In most cases, we are interested in time complexity, which usually measures the number of assignments and
comparisons performed during the execution of a program
Let us consider the following program.
Example 1
for(i=0,sum=0;i<n;i++)
sum = sum+a[i];
3
First, two variables are initialized, then the for loop iterates n times, and during each iteration, it executes two
assignments, one of which updates sum and the other of which updates i.
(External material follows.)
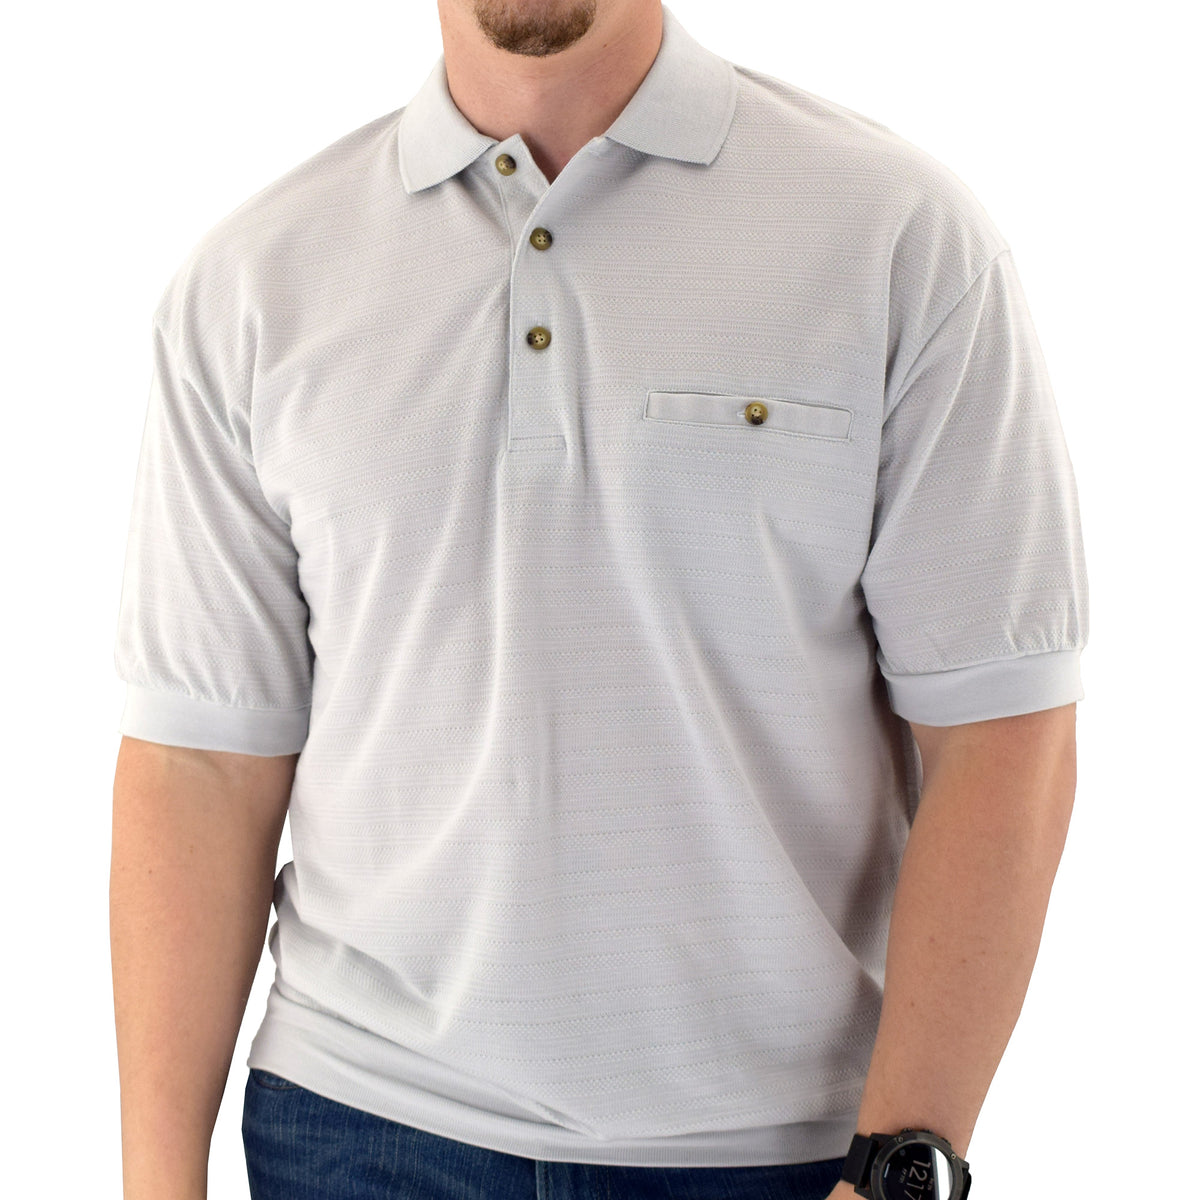 This Safe Harbor Solid Pique Banded Bottom Shirt is made of 60% Cotton ...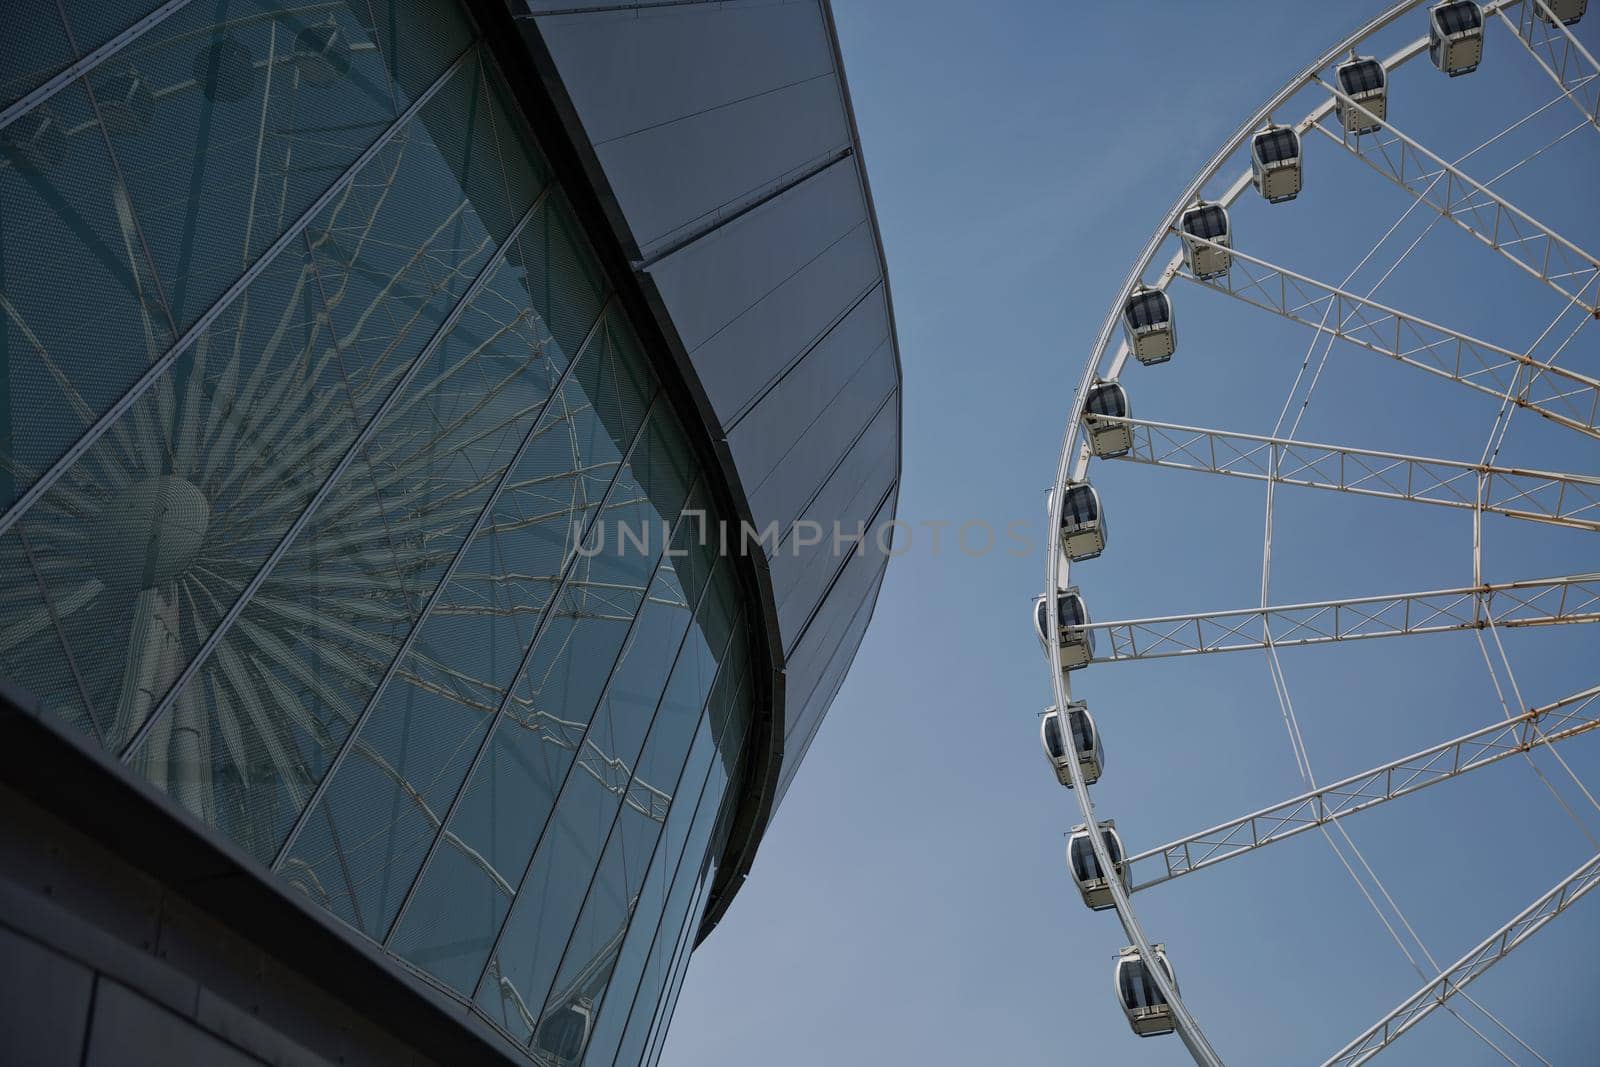 LIVERPOOL, ENGLAND, UK - JUNE 07, 2017: View of the ECHO convention center and an adjacent ferris wheel in Liverpool, England

Thus, there are 2+2*n assignments
for the complete run of this for loop; its asymptotic complexity is O(n).
Example 2
for(i=0;i<n;i++){
for(j=1,sum = a[0];j<=i;j++){
Sum+ = a[j];
System.out.println (“Sum for subarray 0 through “+i+” is “+sum);
}
}
Before the loops start, i is initialized. The outer loop is performed n times, executing in each iteration an inner
for loop, print statement, and assignment statements for i, j and sum. The inner loop is executed i times for
each iє{1,………n-1} with two assignments in each iteration; one for sum and one for j. Therefore, there are
1+3n+Σ2i = 1+3n+2(1+2+3+4+……+n-1) = 1+3n+n(n-1) = n2+2n+1 = O(n2)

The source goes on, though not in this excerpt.